GPT-4 is a large multimodal model that receives image and text inputs and then outputs correct text responses. According to experimental results, GPT-4 performs at a human level on various professional tests and academic benchmarks. For example, it passed the mock bar exam and scored in the top 10% of test takers. In contrast, GPT-3.5 scored in the bottom 10%.

OpenAI spent six months using lessons learned from the adversarial testing program and ChatGPT to iteratively tweak GPT-4 to get the best results ever in terms of realism, controllability, and more.

Over the past two years, OpenAI has rebuilt its entire deep learning stack and worked with Azure to design a supercomputer from scratch for its workloads. A year ago, OpenAI tried the supercomputer for the first time while training GPT-3.5 and has successively found and fixed bugs and improved its theoretical foundation. The result of these improvements was an unprecedented stability in the training runs of GPT-4, so much so that OpenAI was able to accurately predict the training performance of GPT-4 ahead of time. This is the first large model to achieve this, and OpenAI says they will continue to focus on reliable extensions to further refine the method to help it achieve more robust advance prediction performance and the ability to plan for the future, which is critical for security.

OpenAI is releasing text input functionality for GPT-4 to the public via ChatGPT and APIs (with waitlists). OpenAI is actively collaborating with other companies in order to improve the usability of image input capabilities.

Today, OpenAI also released the open source code for OpenAI Evals, its framework for automatically evaluating the performance of AI models. This initiative is designed to enable a wide range of users to point out flaws in models and help OpenAI further improve model performance.

Ability

It is worth noting that the differences between GPT-3.5 and GPT-4 are subtle and significant. The difference only becomes apparent when the task complexity reaches a high enough threshold - GPT-4 is more reliable, more creative, and capable of handling more subtle instructions than GPT-3.5. To compare the differences between the two models, OpenAI conducted experiments in various benchmark tests and some mock exams designed for humans.

Exam results (ordered by GPT 3.5 performance) Exam results (ordered by GPT 3.5 performance)

OpenAI conducted a traditional benchmark test on GPT-4 to evaluate its machine learning model performance.
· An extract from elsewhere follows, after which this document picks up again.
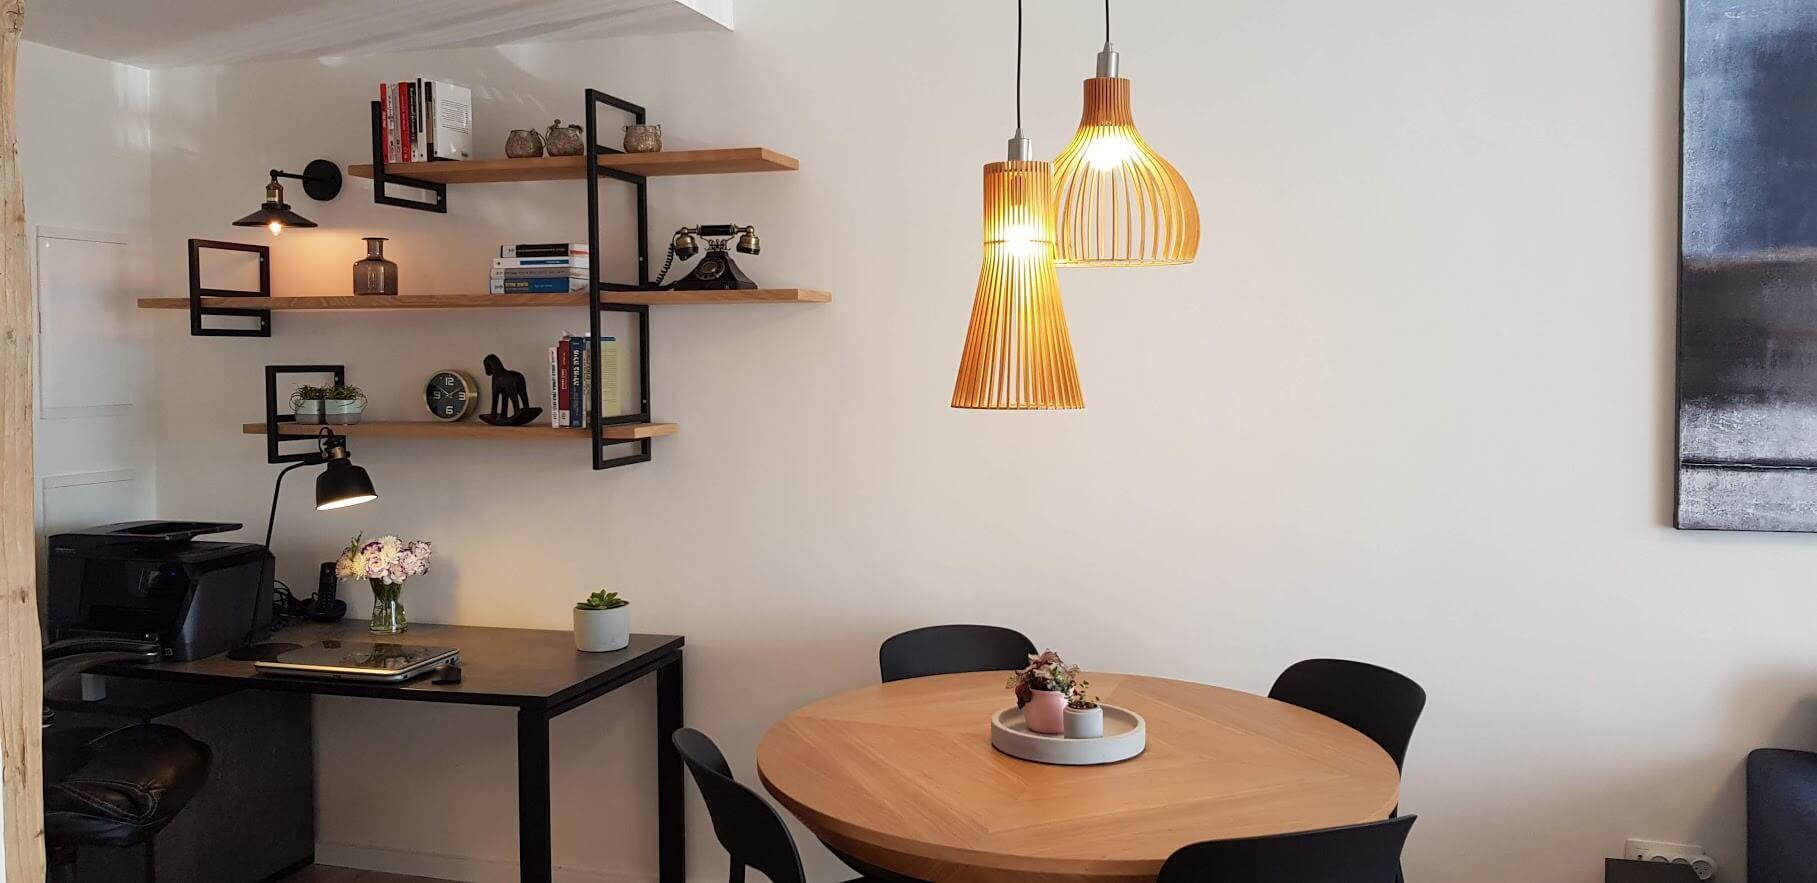 עיצוב פ אוכל בדירה קטנה סיגל סיוון ידוב.

The results show that GPT-4 performs significantly better in large language models and most SOTA models.

GPT-4 performs significantly better in large language models and most SOTA models.

To test GPT-4’s performance on other languages, the research team used Azure Translate to translate the MMLU benchmark, which contains more than 14,000 multiple-choice questions on 57 topics, into multiple languages. The experimental results showed that GPT-4 outperformed other large language models such as GPT-3.5, Chinchilla, and PaLM in 24 of the 26 languages tested in terms of English performance.

GPT-4 3-Shot Accuracy on MMLU across languages

Like many companies using ChatGPT, OpenAI is using GPT-4 internally and focusing on its effectiveness in areas such as content generation, sales, and programming. OpenAI is also using GPT-4 to assist people in evaluating AI output, the second phase of OpenAI’s implementation of its strategy. openAI is both a developer and a user of GPT-4.

Visual input

GPT-4 can accept prompts containing both text and images, allowing the user to specify any visual or linguistic task as opposed to a text-only setup. Specifically, it can generate textual output (natural language, code, etc.) given interleaved text and image inputs. In multiple domains, including documents composed of text and photos, diagrams, or screenshots, GPT-4 exhibits capabilities similar to those of text-only input. In addition, it can be augmented with test-time techniques developed for plain text language models, including fewer samples and thought chain cues. Image input is still in the research preview phase and is not available to the public.

Input a funny image to GPT-4.

Input a funny image to GPT-4

The user enters “What’s weird about this picture? Describe it one image at a time” and GPT-4 will describe each image separately and point out that it is ridiculous to plug a large, outdated VGA port into a small, modern smartphone charging port.

GPT-4’s answer

Reason out the answer based on the graph. The user asks what is the total average daily meat consumption in Georgia and West Asia.

Chart input to GPT-4

The GPT-4 can also be answered on demand.

GPT-4’s answer

Users can also directly give a photo of the exam question and let GPT-4 think about the answer step by step.

Input an  image of the exam question to GPT-4.

GPT-4 not only reads and understands, but also gives a complete answer.

GPT-4’s answer

What’s strange about this image?

A man is ironing clothes on an ironing board on the roof of a moving cab

GPT-4 succinctly answers the question “The unusual thing about this image is that a man is roning clothes on an ironing board attached tothe roof of a moving taxi.”.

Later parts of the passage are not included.